When considering how to protect your mail system from spam, you’ll find that there are way too many choices in
the marketplace to be able to possibly evaluate them all. Since each solution
handles spam differently, it’s important to
understand the various methods by which spam filters
do their deeds. There are four major types of spam
technology available. I’ll discuss each here.


Bayesian filters use complex statistical algorithms using
existing information to determine the probability that a message can be
trusted. The term “existing information” is important as it means
that this type of solution requires a ramp-up period during which it may be
less than effective at capturing spam. However, many
people report that, once filters are trained, they do an excellent job of
canning spam with a minimal number of false
positives. Further, since by its nature, a Bayesian filters learns from its
mistakes, it generally requires less ongoing maintenance than other types of filters,
and the filter is good at adjusting its parameters to meet the needs of the
individual user. On the con side, spammers have found
ways to defeat some of the measures used by these filters. If you’ve ever
received a spam e-mail with a large number of
nonsensical words, you’ve seen this in action. By inserting enough valid words
into a message, a spammer can fool a Bayesian filter
into thinking a message is legit.

Whitelist and blacklist

If an address or domain exists on a whitelist,
the message is allowed through; in fact, only messages from addresses on the whitelist are allowed through. If, on the other hand, an
address or domain is on a blacklist, it’s blocked while all other messages are
allowed.

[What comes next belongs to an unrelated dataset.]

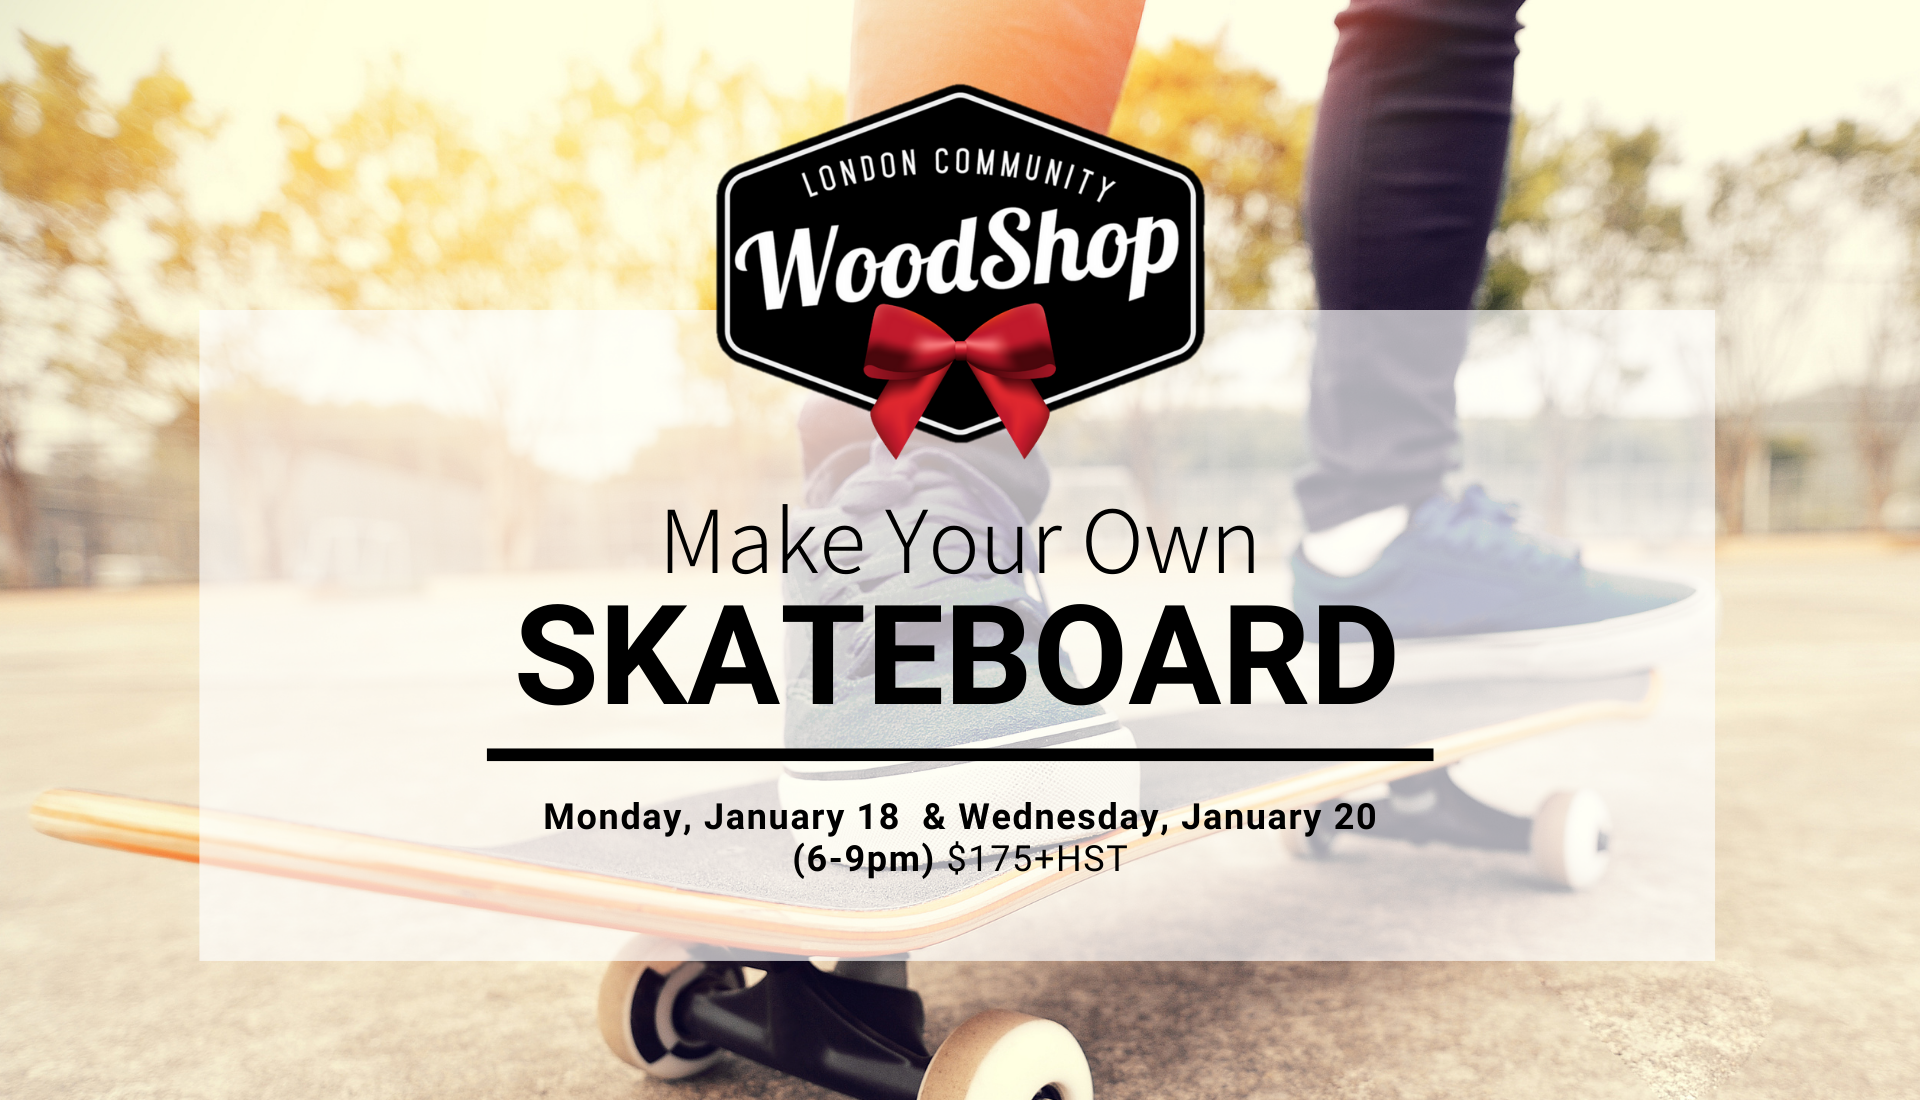 SkateBoard January 2020

There are a number of blacklist services-called RBLs,
for RealtimeBlackhole
Lists, that compile lists of known spammer addresses.
However, RBLs can be problematic in that if they’re
not maintained, or they’re maintained by an overzealous administrator, legit
senders might be blocked. The pro side of white and black lists is their
simplistic nature. For this kind of spam filter,
there is only the dark side and the light side. There is no in between. On the
con side, they require a huge amount of maintenance, especially for whitelists, which require an entry every time you want to
add a new allowed sender.


Very simply put, these kinds of spam filters look for certain words, such as “Viagra” and kill a message if those words are present.
These filters require significant administration in that each time you want to
block a new word, you need to create a rule. Further, spammers have found it child’s play to get around these
kinds of filters. They use a variety of ways to do this. One way is to make the
word still readable, but different. For example: “V.i.a.g.r.a”
Sure you can create a rule that blocks that version too, but spammers have gotten even sneakier. In some cases, you
might look at the word “V.i.a.g.r.a” and
wonder why your filter didn’t catch it. If you copy and paste the word into
Word and change the font size to something larger, you’ll notice that the spammers don’t use periods between the letters at all.
Instead, they use a variety of characters with a font size of 1 so that they
look like a period, but can get past filters.


In a desperate move to thwart spammers,
some new spam systems require senders to basically
prove that they are allowed to send mail to someone. Before a person using this
system receives a message, the sender must visit a web site and answer some
questions. The pro is that this system virtually eliminates spam.
The con is that it’s a pain in the neck for legitimate senders.